The advent of technologies including high throughput genotyping and computer information technologies has produced ever large and diverse databases that are potentially information rich. This creates the need to develop statistical strategies that have a sound mathematical foundation and are computationally feasible and reliable. In statistics, we commonly deal with relationship between variables using correlation and regression models. With diverse databases, the quality of the variables may vary and we may know more about some variables than the others. I will present some ideas on how to conduct statistical inference with unequal prior knowledge. Specifically how do we define correlation between two sets of random variables conditional on a third set of random variables and how do we select predictors when we have information from sources other than the databases with raw data? I will address some mathematical and computational challenges in order to answer these questions. Analysis of real genomic data will be presented to support the proposed methods and highlight remaining challenges.

## David Banks; Duke University

### Statistical Issues with Agent-Based Models

#### November 18, 2016

Agent-based models have become an ubiquitous tool in many disciplines. But too little is known about their statistical properties. This talk reviews the work that has been done in this area, and describes two strategies for improving model fitting and inference. It also attempts to place agent-based modeling within the span of modern Bayesian inference.

Coffee will be served at 10:30 am in AUST 326.

## Nitis Mukhopadhyay; University of Connecticut

### Walking on a Thin Bridge Linking Teaching- Research-Teaching Excites and Rewards Me

#### November 30, 2016

A link between teaching and research excites me. My recent research on statistical inference, linear models, and applied probability has often originated from teaching. In this presentation, I will highlight some of those encounters. As time permits, I will touch upon selected topics involving covariance, correlation, independence, Student’s t-distribution, multivariate (non-) normality, sufficiency, information, and ancillarity.
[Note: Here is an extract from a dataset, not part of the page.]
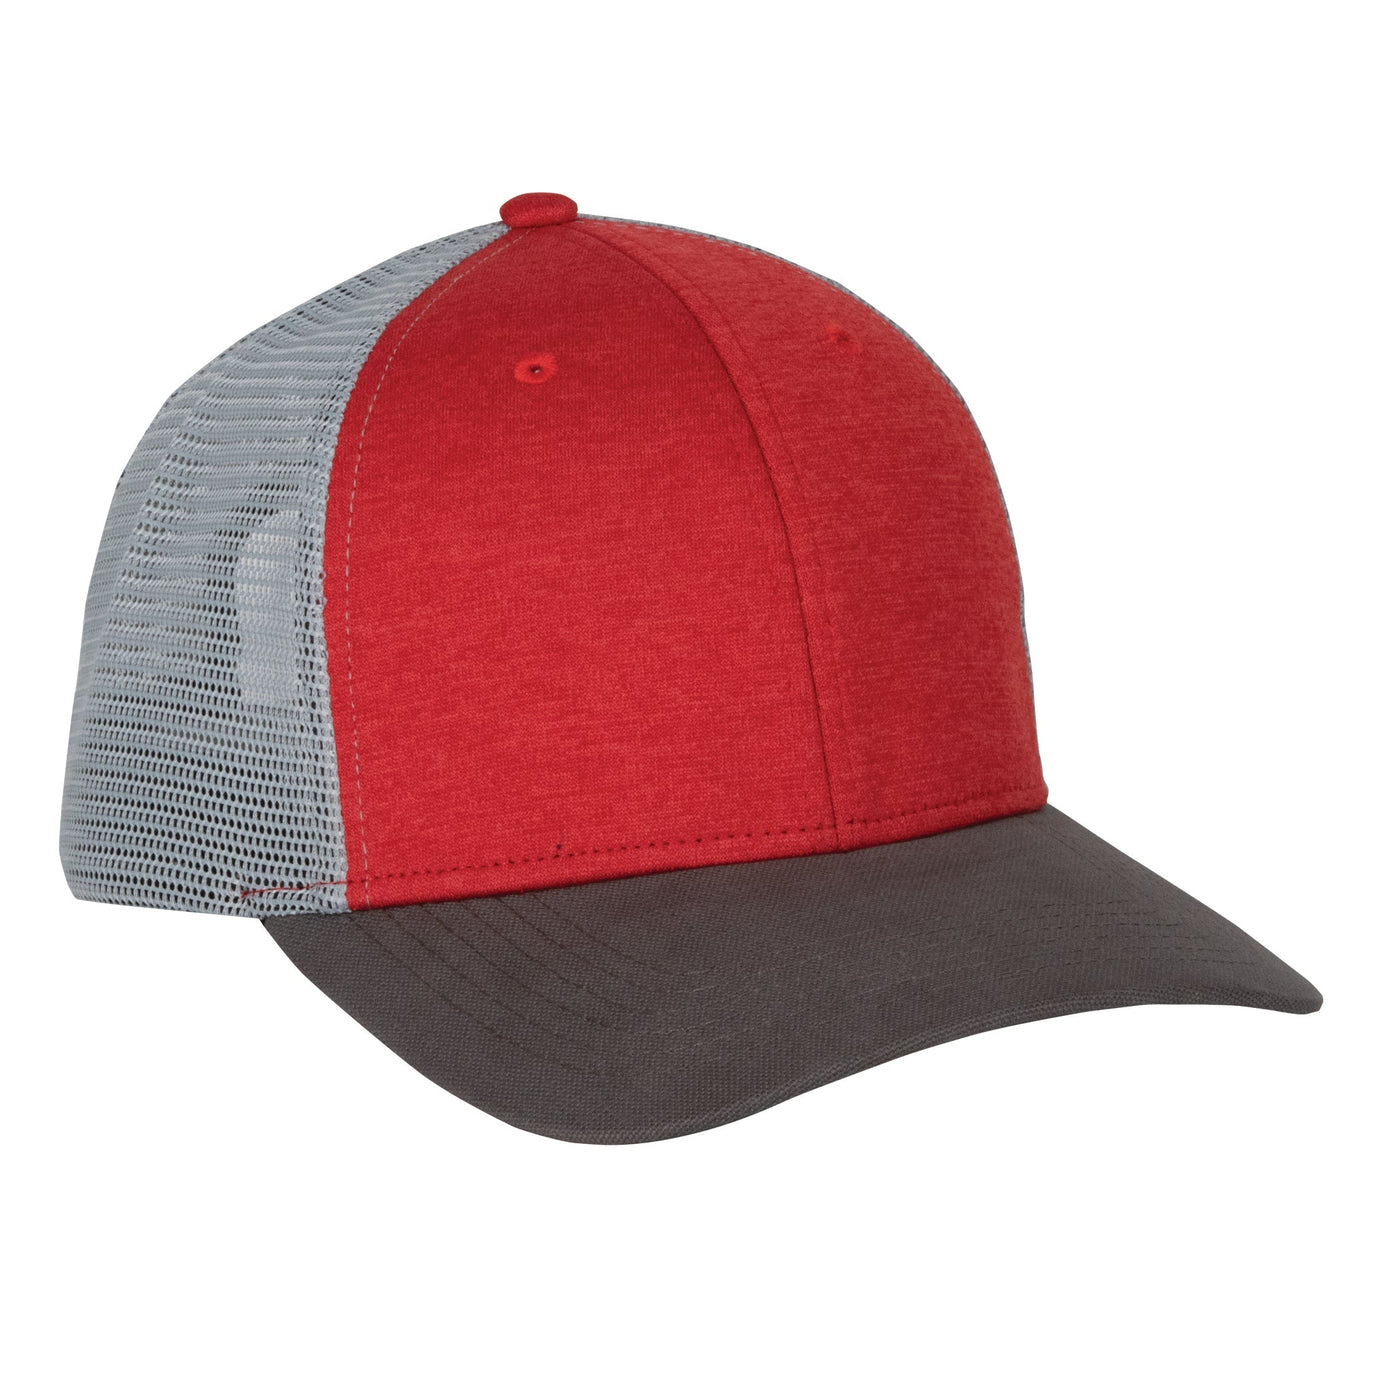 Vantage Trucker Hat – DRI DUCK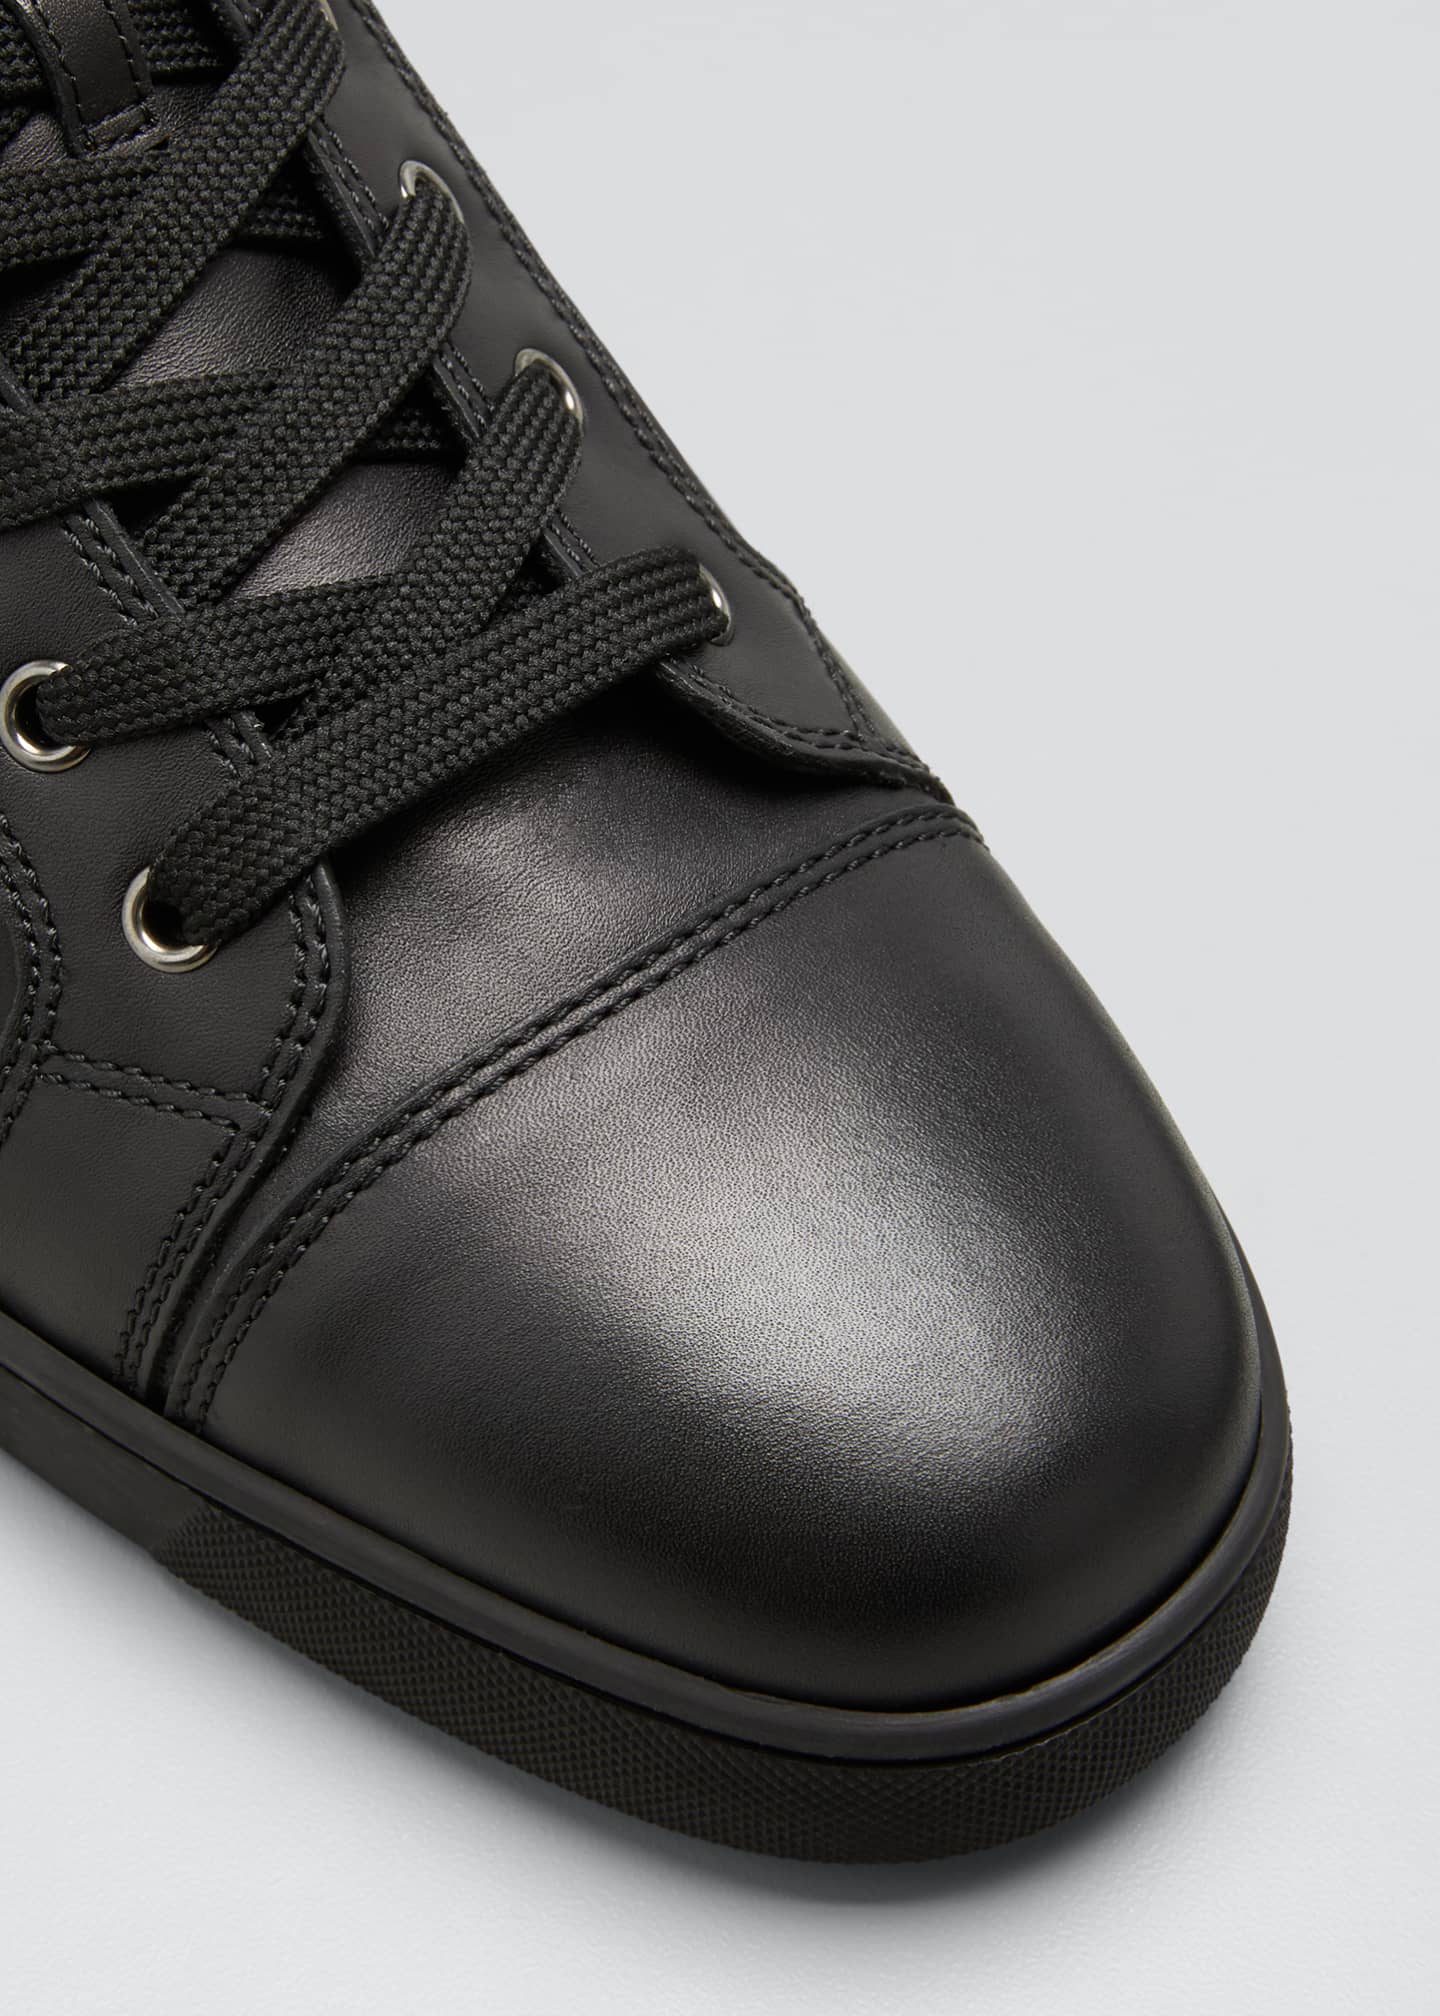 louboutin black leather sneakers

## Jim Booth; Cornell University

### Table counting and exact conditional inference for contingency tables

#### December 7, 2016

I will review exact conditional inference in the context of loglinear models for contingency tables. The feasibility of exact inference often depends on the ability to enumerate a reference set determined by sufficient statistics which impose linear constraints on the contingency table counts. A double-saddlepoint approximation is proposed for determining the number tables with counts satisfying these linear constraints. Computation of the approximation involves fitting a generalized linear model for geometric responses which can be accomplished almost instantaneously using the iterated weighted least squares algorithm. The approximation is far superior to other analytical approximations that have been proposed, and is shown to be highly accurate in a range of examples, including some for which analytical approximations were previously unavailable. A similar approximation is proposed for tables consisting of only zeros and ones based on a logistic regression model. A higher order adjustment to the basic double saddlepoint further improves the accuracy of the approximation in almost all cases.